While the Germans pushed forward with these controversial measures, the assembly held back from crossing a line laid down by the Vatican concerning the establishing synodal councils at the national, diocesan, and parochial levels. The Vatican has said the synodal council model, which involves shared governance between bishops and the laity, is not consistent with Catholic ecclesiology.
The synodal assembly decided to delay voting on the proposal.
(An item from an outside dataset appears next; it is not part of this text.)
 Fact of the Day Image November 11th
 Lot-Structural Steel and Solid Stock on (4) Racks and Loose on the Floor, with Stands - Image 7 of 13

Instead, it will be considered by a newly established synodal committee over the next three years, while Synodal Way leadership attempts to change the minds of Vatican officials and garner more widespread approval in the universal Church.
At the concluding press conference, Bishop Georg Bätzing of Limburg, president of the bishops’ conference, said that the results give a mandate to the bishops to make some changes in Germany now while pushing for broader reform.
“The Church is visibly changing, and that is important,” Bätzing said.
Irme Stetter-Karp, president of the Central Committee of German Catholics, said the results show that the synodal path in Germany will continue.
“It does not end here. It is just the beginning,” she said.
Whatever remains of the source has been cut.